Reception
Lisa Tuttle reviewing for The Times called the novel a "thrilling, mind-boggling adventure" and said "as well as visionary brilliance, Reynolds also supplies a knock-your-socks-off ending."
Zack Handlen of the A.V. Club writes that Reynolds is particularly adept at conveying the vastness of space and the "inky blackness of the void," adding that House of Suns "keeps up the tradition of forward thinking while improving on the genre’s traditionally flat prose and clumsily drawn women. An immensely thrilling, mind-bending piece of work, House looks to the center of all that emptiness and finds its beating heart."
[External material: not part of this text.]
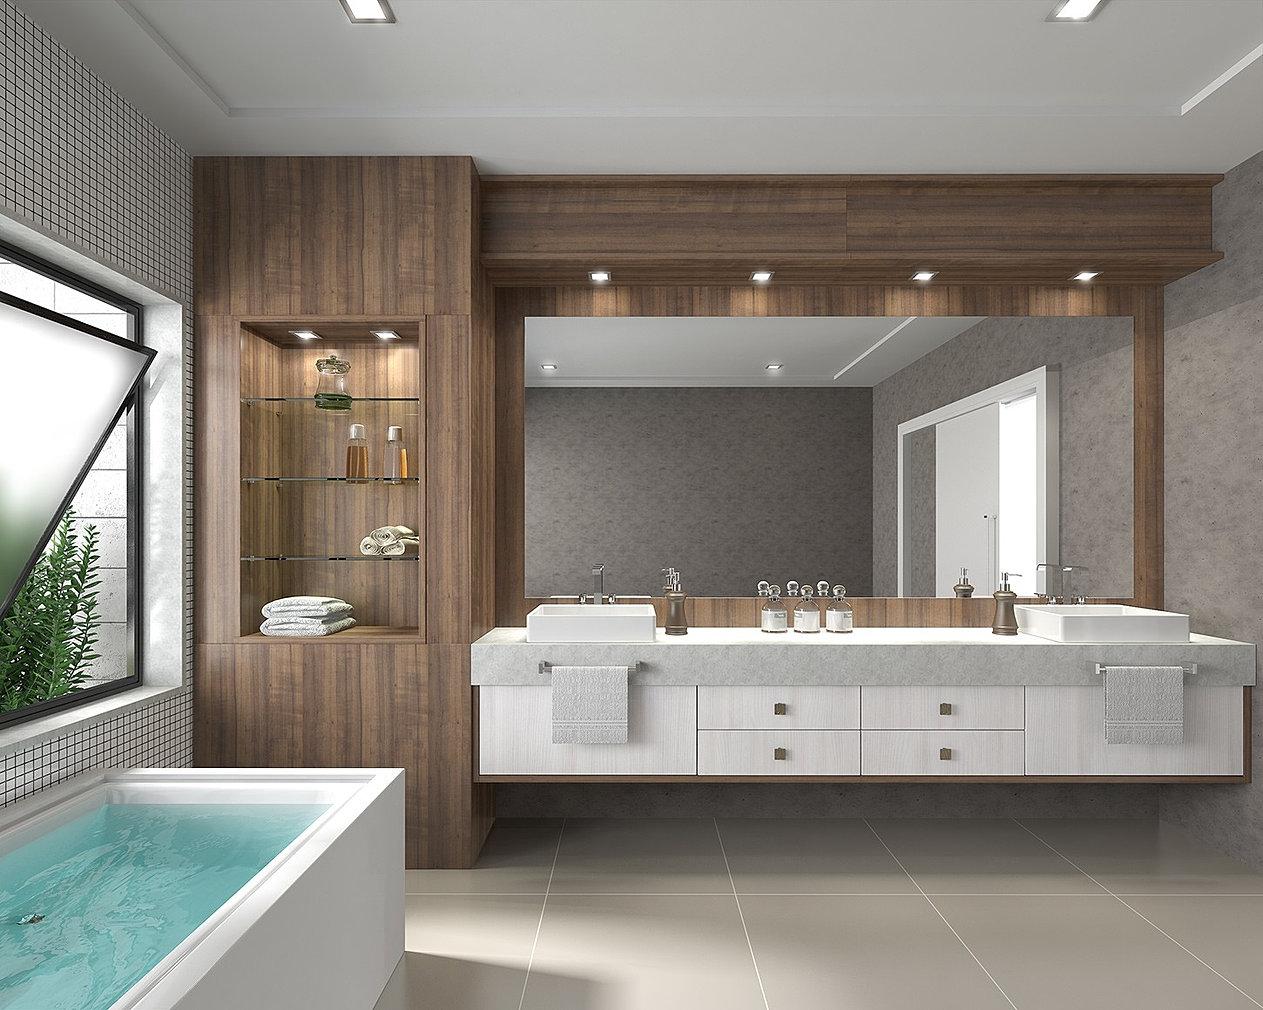 ambiente banheiro 3 33 #4B807E 1263 1010

At SF Signal, a reviewer notes that a "sense of wonder is where this book excels," adding that "Reynolds is playing on a galactic-sized canvas and uses believable science to back up his grand ideas...his yields mind-boggling time scales, where millennia pass by like days."
George Williams in his review for The Australian said that "the concepts explored in House of Suns are so far removed from our time, and even from much of the standard fare of science fiction, that parts of the book border on fantasy. The author does carry off a story conceived on a scale rarely seen in science fiction. The weaknesses of the book relate to some of the old staples of novel writing. While the pace picks up at the end, it starts too slowly and at times the plot meanders. The novel may be filled with rich ideas, but neither of the two leads compels interest and the relationship between them is underdeveloped. It is a pity that these aspects of the book fail to achieve the same heights as the universe in which it is set."